Observations of a SWA Line Captain
Airline safety is a continual defense against multiple threats: interruptions, weather, apathy, complacency, fatigue, mechanical failures, difficult personalities, stress, system design and more. We build armor in levels: pilot skill, knowledge, automation, procedures and standardization are some of the most effective methods at breaking deadly chains wrought by attacks of circumstance.
The captain may be ultimately responsible for a flight, but it’s up to those who design the system to build improvements at all levels and to be realistic in their expectations of the frail humanity putting them to practice.
The Cost of Safety
The best practices preserve as much safety as humanly possible within reasonable cost. Our reality is that we must weigh safety measures by their cost and benefit. We could cut the number of allowed pilot hours in half and safety would be increased by some amount. We could require airbags at every seat, double the number of flight attendants, install less flammable interiors, lighten the allowable weights for airliners (carry fewer people) to improve runway margins and many, many other things. Added together they would price the airline out of business. Even if all the airlines complied, overall traveling safety would decrease by sending people to their far, far more dangerous personal cars.
But there are some things that cost almost nothing (in relative terms) and have some measurable benefit. Not dramatic, to be sure, but a value seemingly well worth their expense.
Cost Per Life Saved
It doesn’t sound appealing but it’s a necessary calculation. If a million dollar improvement will save 1 life than the cost of the improvement is a million dollars per life. If a 100 million dollar improvement saves 1000 lives then the cost is $100,000 per life saved. The more expensive option turns out to be the better deal.
What if a billion dollar improvement saves 10 lives? That’s 100 million per life saved. Since ticket prices must increase to cover the extra cost, some passengers will revert to less expensive and more dangerous travel modes—overall transportation safety will decrease.
Sometimes safety improvements come from very expensive systems and other times they are merely procedural. Just because a system is expensive doesn’t mean it will be expensive per life saved. If it’s very effective then it may be worthwhile.
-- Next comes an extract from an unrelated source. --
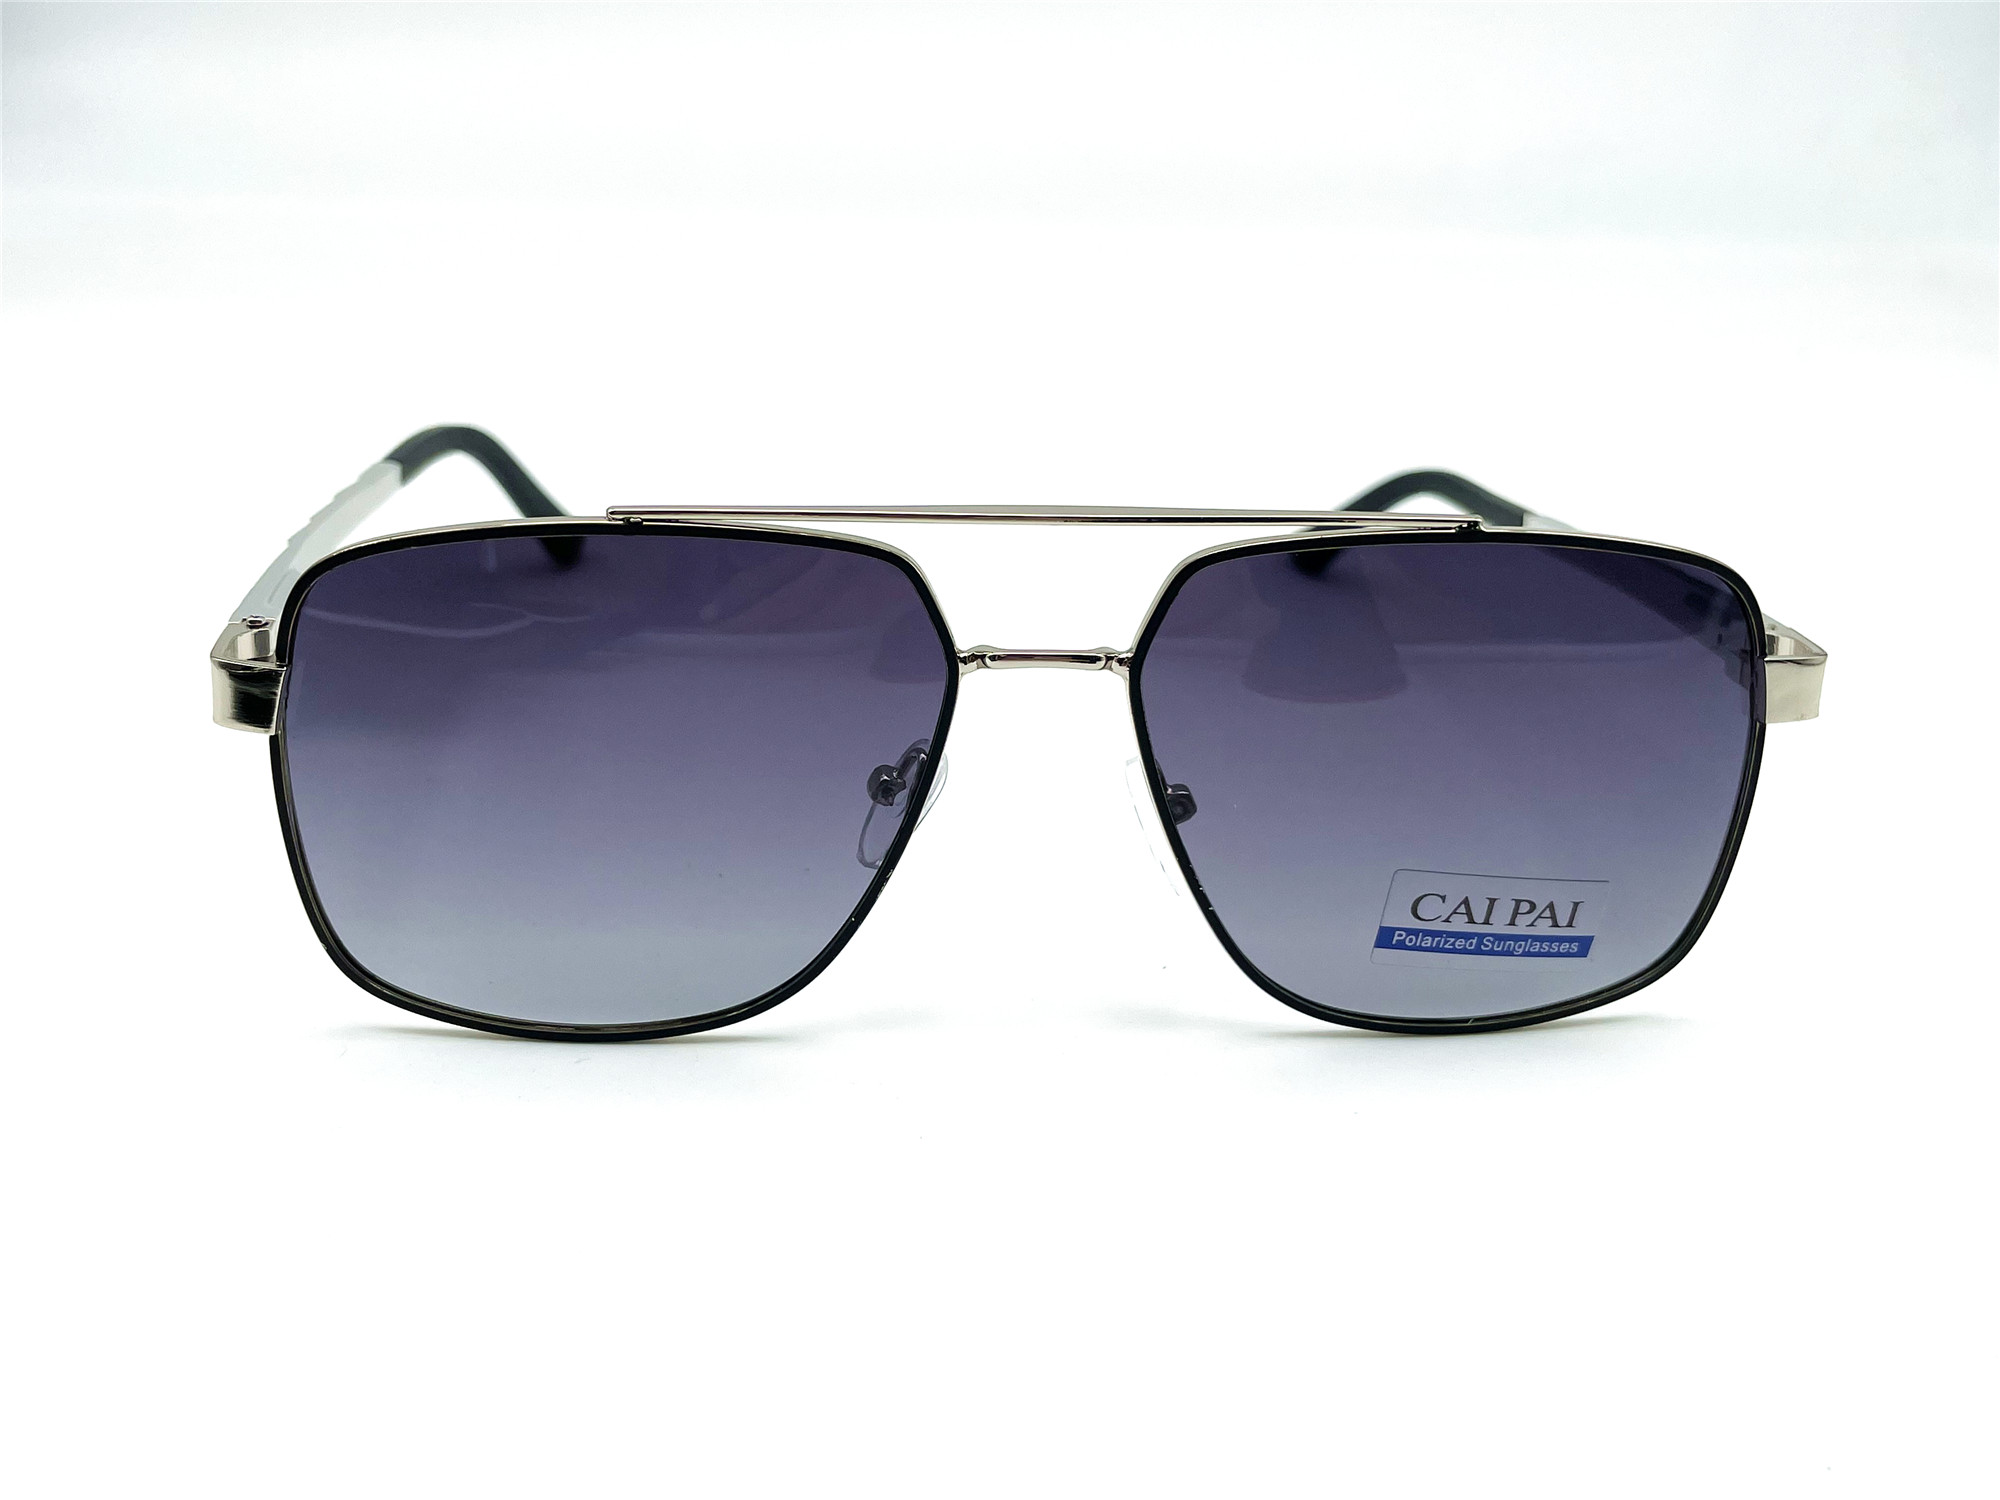  Солнцезащитные очки картинка Мужские Caipai Polarized Квадратные P4002-С3

Examples abound. Southwest Airlines in 2013 or so undertook a project looking at the reality of line operations and set to improve it. Seeing the process firsthand was refreshing. They avoided saying “we’ve always done it this way” but rather made improvements to procedures that worked—not just what sounded good on paper. They should be applauded. The changes cost money by delaying initial taxi. Accidents are too rare for trend analysis and so they concentrated on other metrics, fixing what they could. Although the process was expensive, most of the changes were not. They continue this practice.
But there are certainly other areas with room for improvement as posts in this category suggest.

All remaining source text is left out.